Saat kita bergabung dengan komunitas lain, terasa indahnya persaudaraan itu. Kita dapat merasakan nikmatnya bersaudara. Mereka menyambut baik kita dengan ramah tamah, mendahulukan kita saat makan bersama, dan memberi kesempatan lebih dulu kepada kita saat berwudhu, shalat, dan lain-lain.

Di saat-saat indah itu, banyak kenangan dan pemandangan yang kita lihat dan rasakan, makanan lezat yang beda cita rasanya, cara makannya, lingkungan yang beda susananya, berbeda bentuk wajah dan fisiknya, bahasanya, cara beribadahnya yang terdang ada bedanya sedikit teknisnya, tapi dasarnya sama.
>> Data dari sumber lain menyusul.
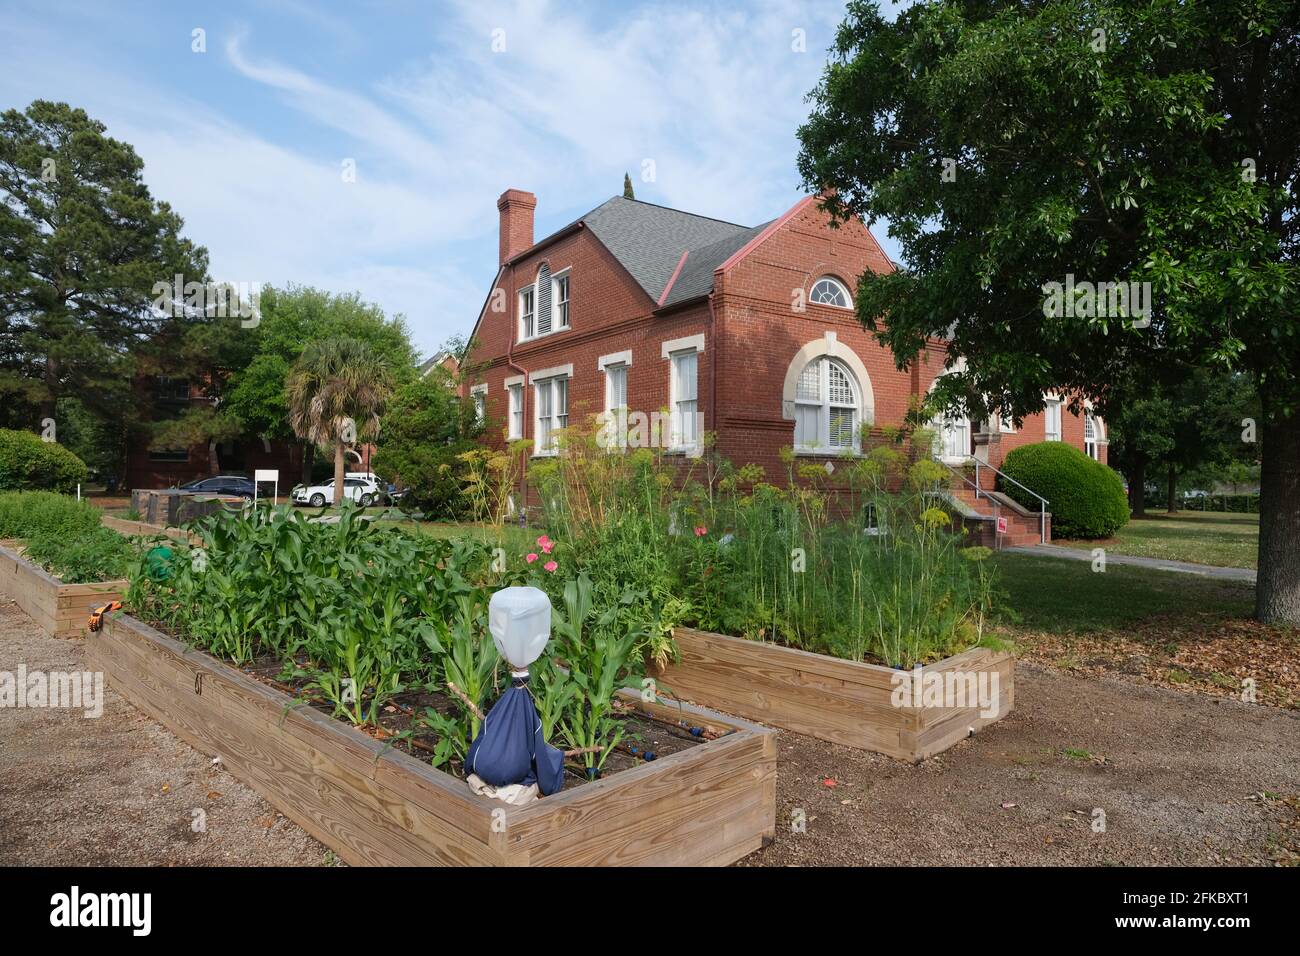 Urban Garden at Enston Home for aged built as English Village as founder William Enston remembered his English home. Stock Photo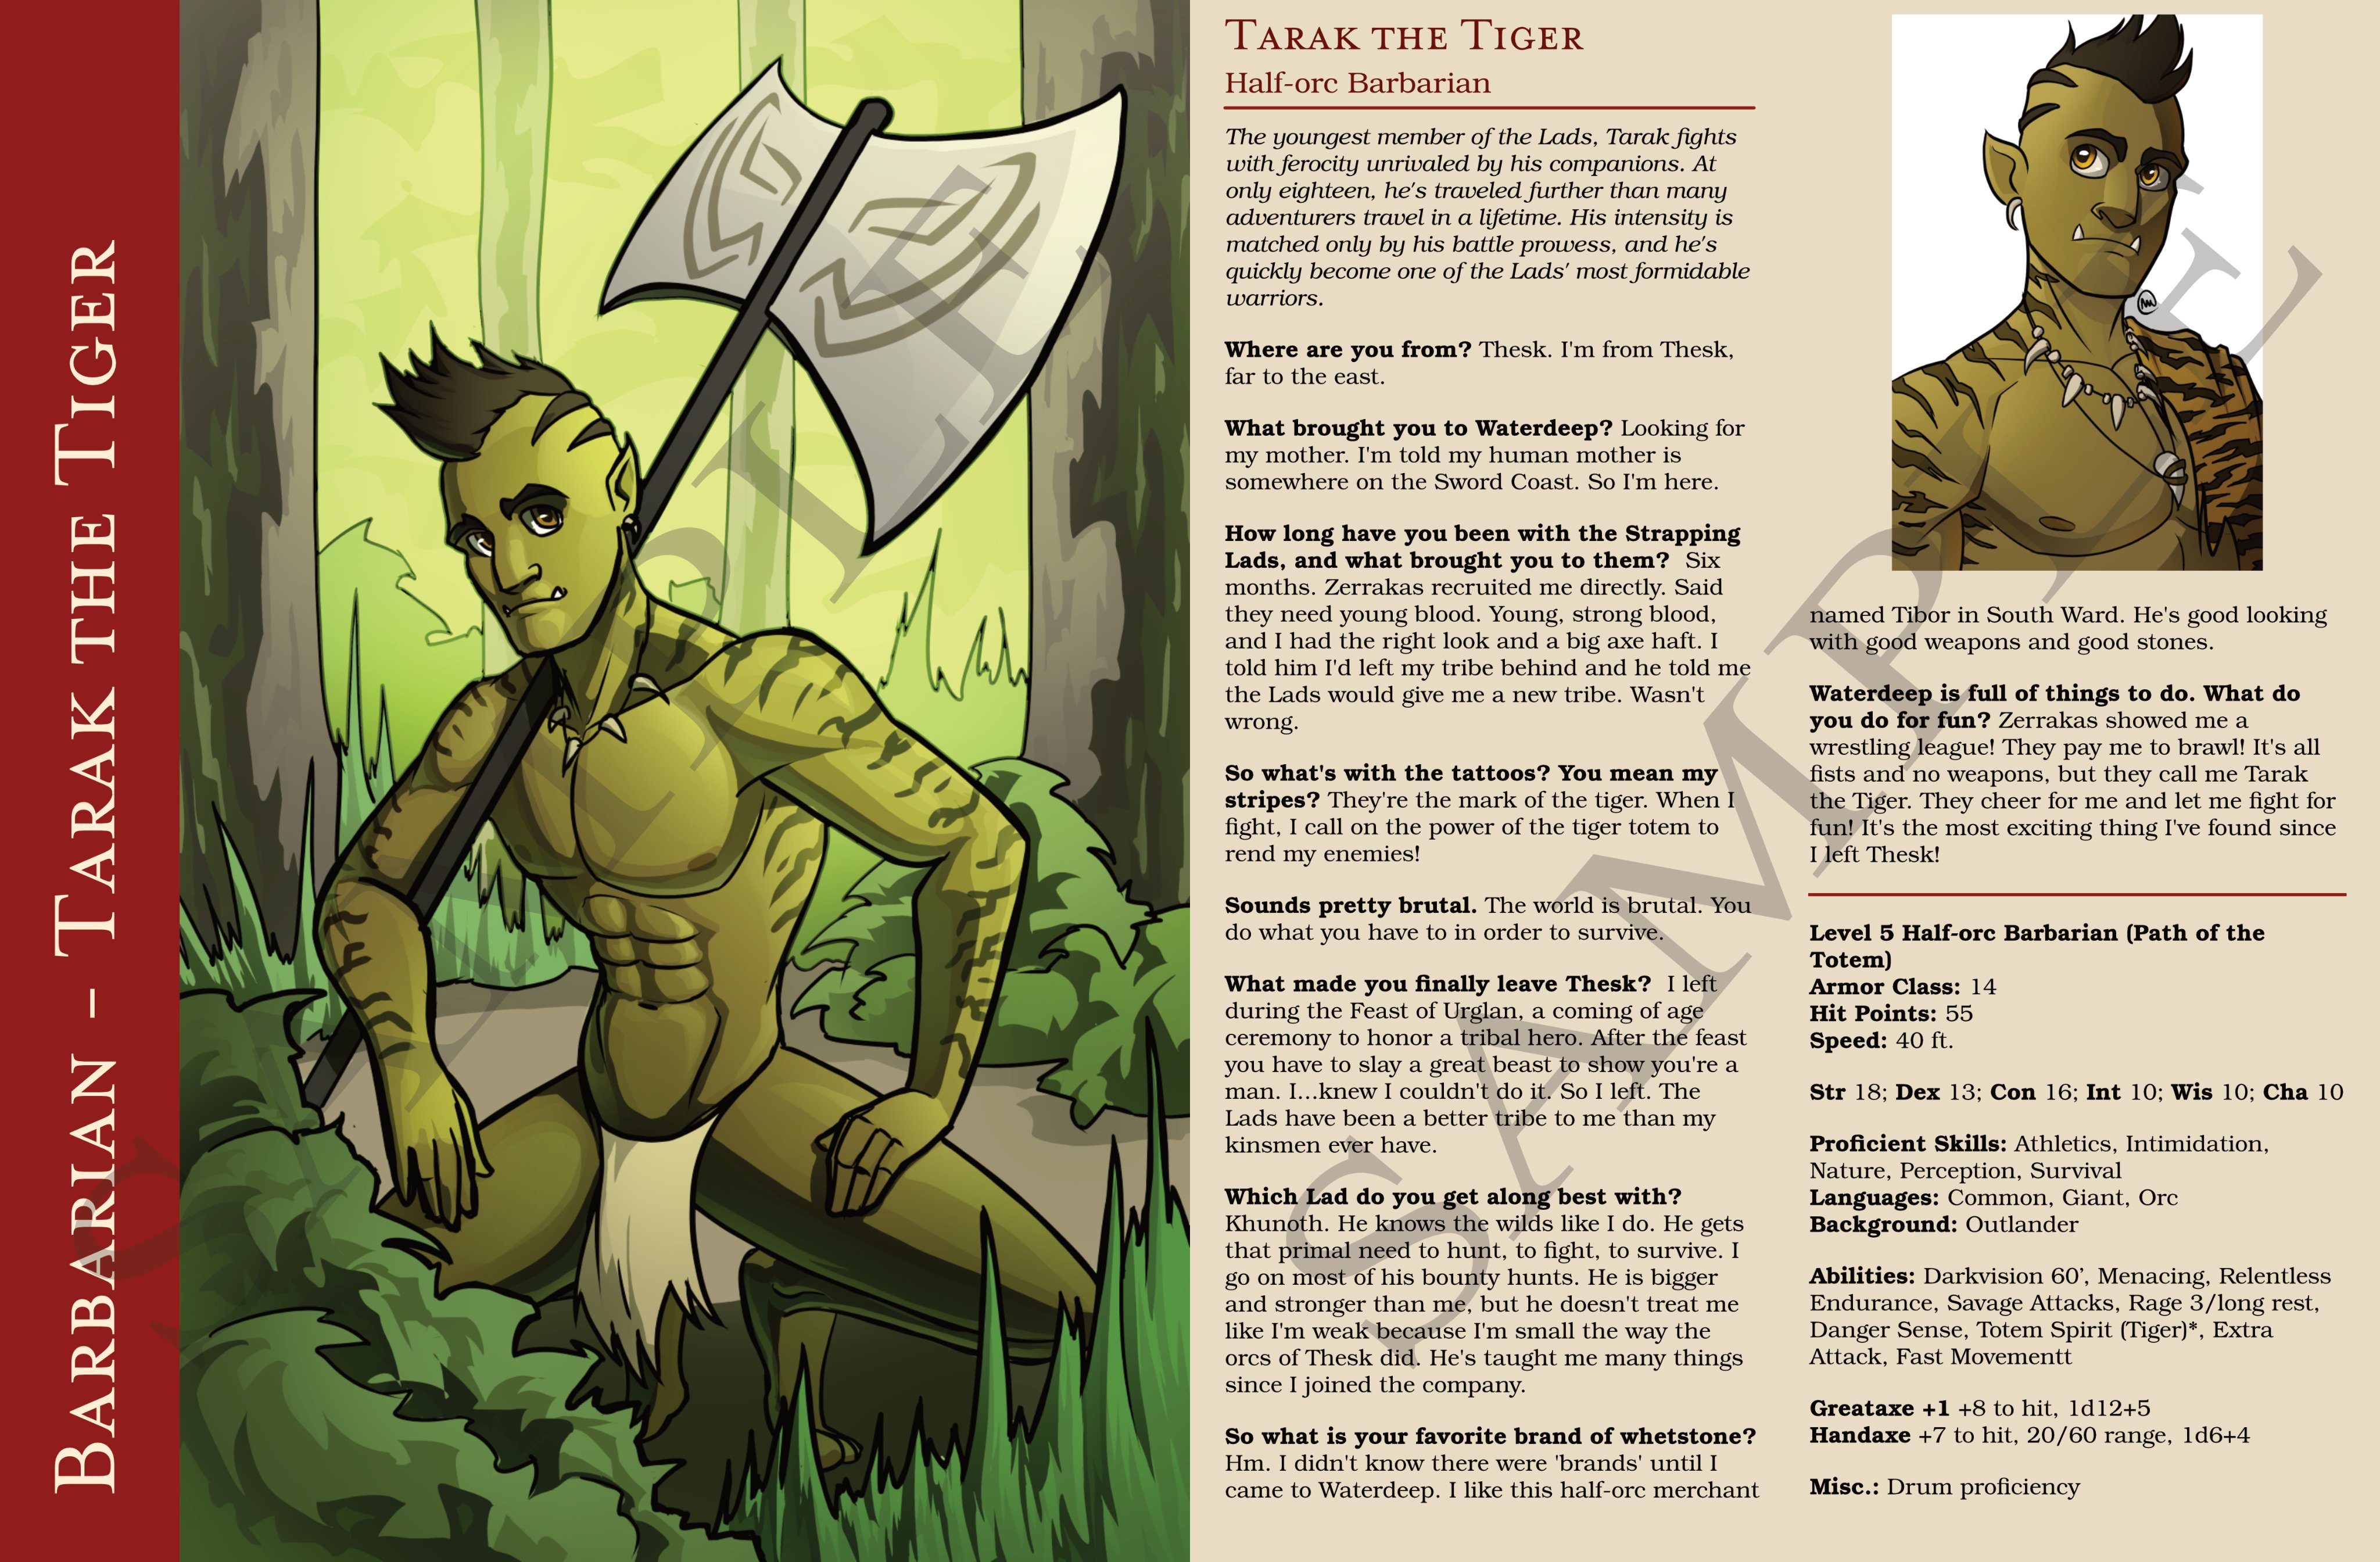 Micah @ Commissions Open! on Twitter: "The Strapping Lads #DnD supplement! Featuring 12 #DnD5e fellows, one for each PHB class. Has art, character interviews, and stats for each one! Gumroad (

Kita juga dapat melihat suatu kreasi yang jika diterapkan di lingkungan kita akan jadi sempurna, seperti tempat wudu, fasilitasnya, cara mengorganisi pertemuan, cara mengumpulkan dana, dan lain-lain.  

Kita akan banyak tahu jika rajin berbicara, tukar menukar informasi, dan pengalaman saat bertemu dengan mereka. Untuk memulai pembicaraan, kita yang harus mulai duluan menegur sapa, umumnya mereka bisa berbahasa Inggris, khususnya kalangan muda yang terpelajar. 

Jika kebetulan saling tidak bisa berbahasa yang sama, maka cukup merasakan hangatnya ketika bersalaman dan mengucapkan ucapan salam yang sama dengan bahasa tubuh dan senyuman, sebagai tanda rasa hormat dan kasih sayang. Bagi yang penasaran silakan mencoba sambil uji nyali.

* Anggota Komisi Pendidikan Kader Ulama (PKU) Mejelis Ulama Indonesia (MUI) bertugas di Jerman.